The City of Albany is subject to flooding from several different sources which include:
Riverine Flooding: The Willamette River, Calapooia River, Oak Creek, Periwinkle Creek, Cox Creek, Burkhart Creek, Truax Creek, and the Santiam-Albany Canal.
Local Flooding: Local storm water drainage.
Flooding on streams and rivers in Albany generally results from large winter storms from the Pacific. Often the heavy rainfall comes at the same time as snow-melt runoff. These large winter storms often cause simultaneous flooding on all rivers and streams in an affected area. Historically, most major floods in Albany have occurred in the months of December, January and February, although flooding in other months is possible.
Flood records for the City of Albany indicate there is no regular pattern, in which floods occur. Heavy rains that saturate the ground and fill the rivers and creeks coupled with warming weather that melts heavy snow in the mountains and foothills create the major flooding that Albany has seen over the last 150 years. The last major flooding took place in 1964 and 1996. Before these floods, major events occurred in 1943 and 1945 and are the only examples of flooding to have occurred within a three-year period. These floods took place before the dams were built on the rivers upstream of the city.
Riverine Flooding
Rivers and creeks in Albany regularly overflow their banks and inundate low-lying areas. The natural processes of riverine flooding add sediment and nutrients to fertile floodplain areas.
Flooding in large river systems typically results from large-scale weather systems that generate prolonged rainfall over a wide geographic area, causing flooding in hundreds of smaller streams which then drain into the major rivers.
Riverine flooding along the Willamette River is a significant issue in Albany, particularly North Albany. The bank on the south side of the Willamette River is high enough to prevent over-bank flooding in most of downtown Albany during a 100-year flood. However, the bank on the north side is low enough to allow more frequent over-bank flooding. The floodplain extends north into North Albany across Thornton Lake to the base of Spring Hill. During high water events, flood water backs into the east end of Thornton Lake, causing a "reverse flow" through the lake from east to west. As flood waters continue to rise, it breaches the west end of Thornton Lake, reversing the flow from west to east. Much of the North Albany floodplain is developed for residential and commercial use. Development has relied on fill to avoid flood hazards.
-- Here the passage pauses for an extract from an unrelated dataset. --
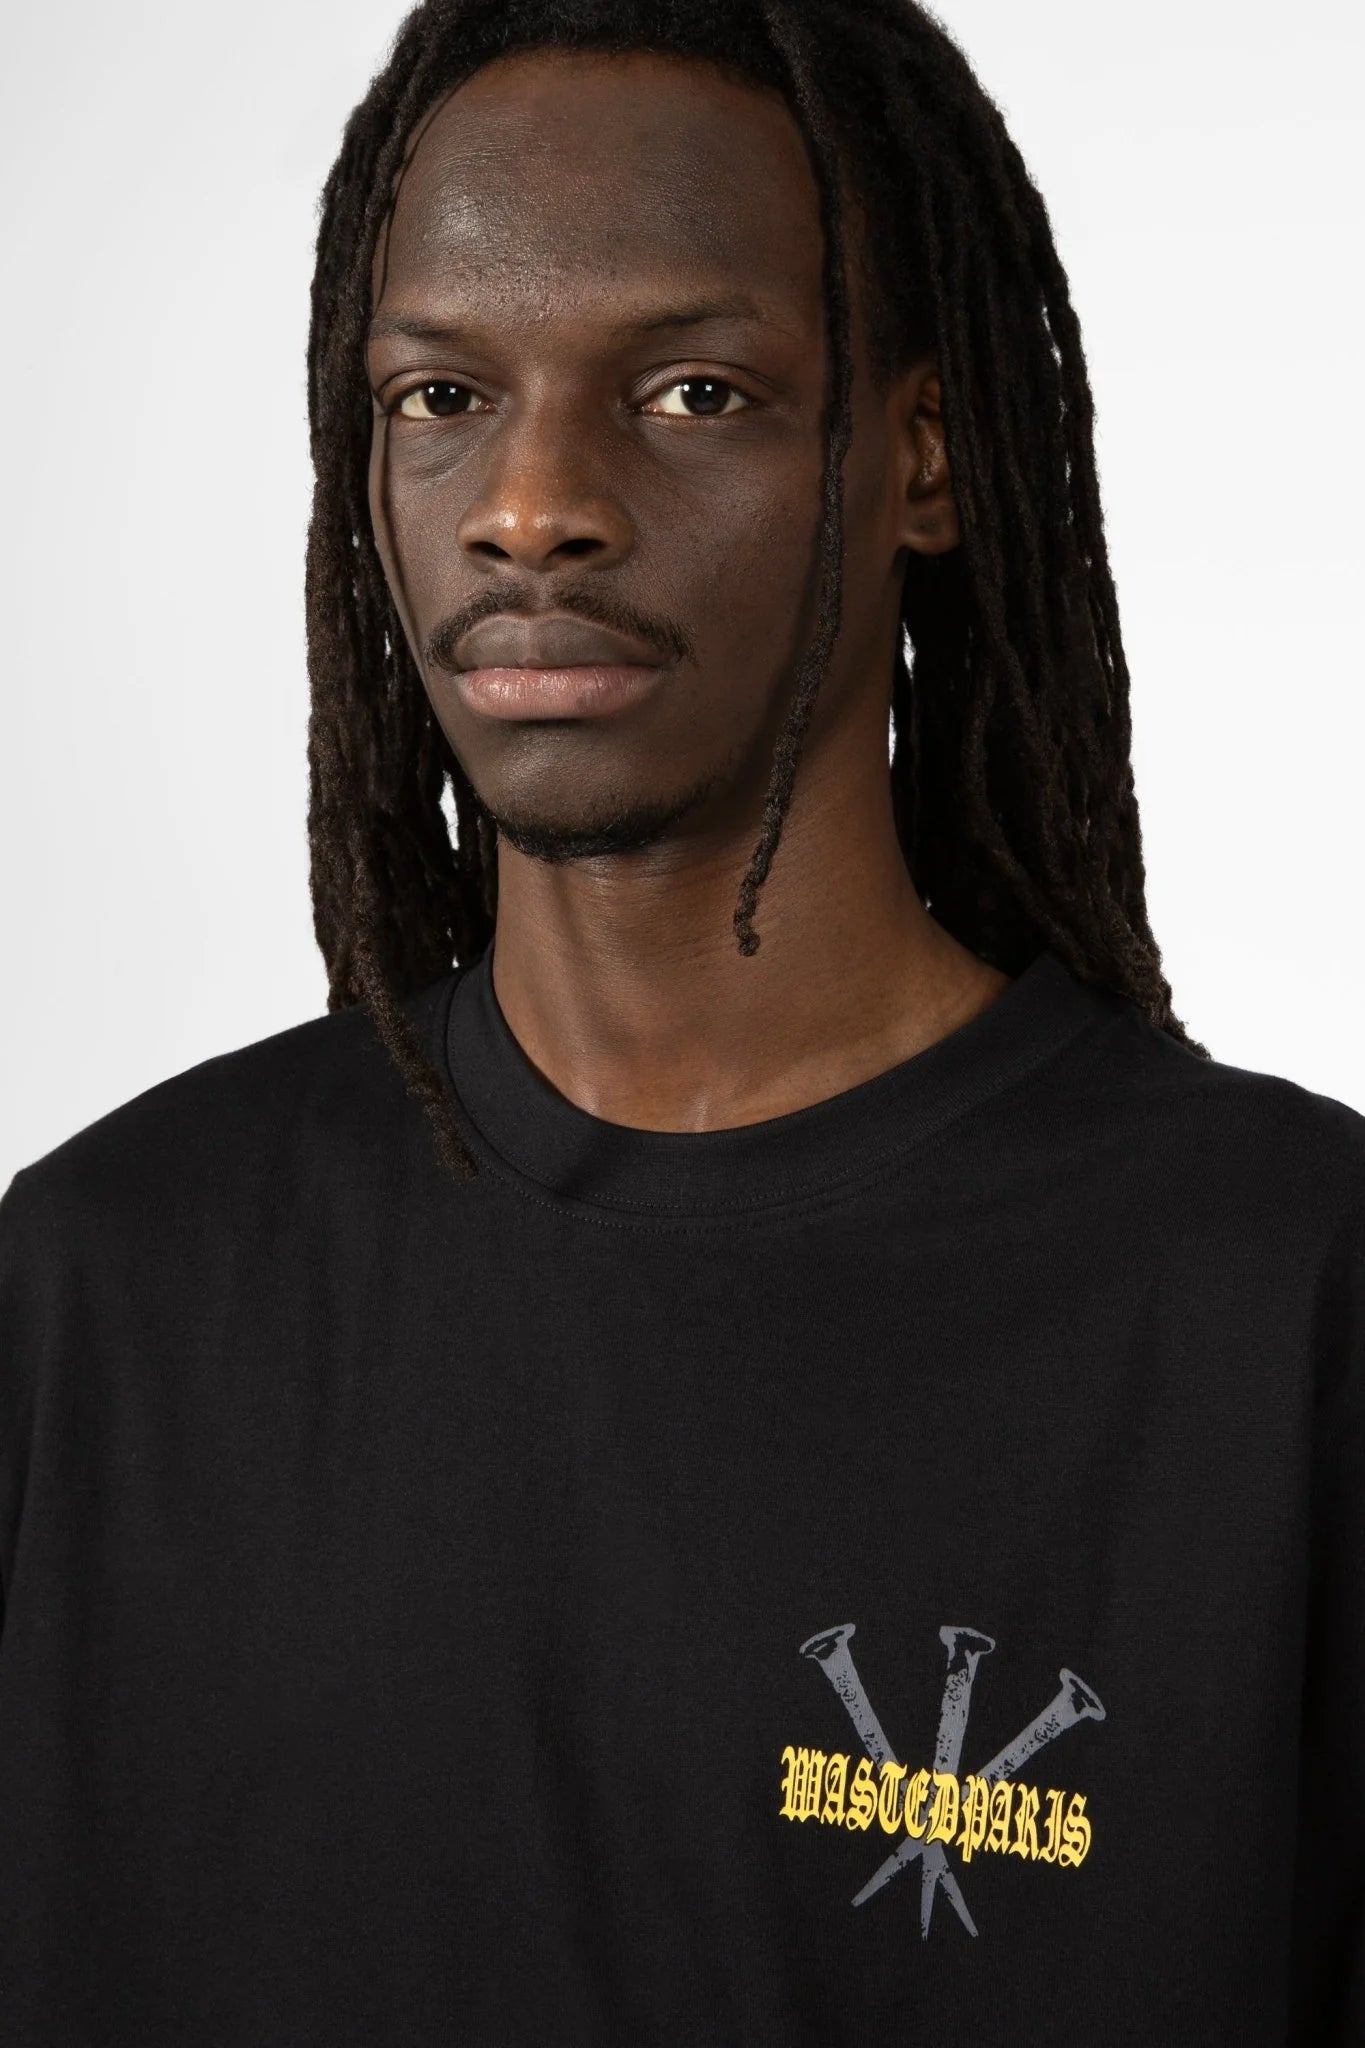 Camiseta Stake Negra - WASTED PARIS

Along the Calapooia River, over-bank flooding occurs most every winter. Urbanized areas of Albany are perched on a terrace above the 100-year floodplain. Most flooding occurs on rural farmland to the west of Albany.
Oak Creek has a shallow, wide floodplain, much of which is floodway. Periwinkle Creek, Cox Creek, Burkhart Creek, and Truax Creek were deepened and straightened as flood control projects by the Grand Prairie Water Control District. The capacity of the creek channels was increased to contain the 100-year flood. Consequently, over-bank flooding along these four creeks is rare.
Local Flooding
Flood damage may occur in areas outside the 100-year floodplain and away from riverine flooding conditions. Local flooding problems are caused by blocked culverts, shallow ditches, or locally intense rainfall. In the terms of the National Flood Insurance Program, these are areas of one percent annual chance sheet-flow flooding where average depths are less than one foot, or areas of one percent annual chance stream flooding where the contributing drainage area is less than one square mile.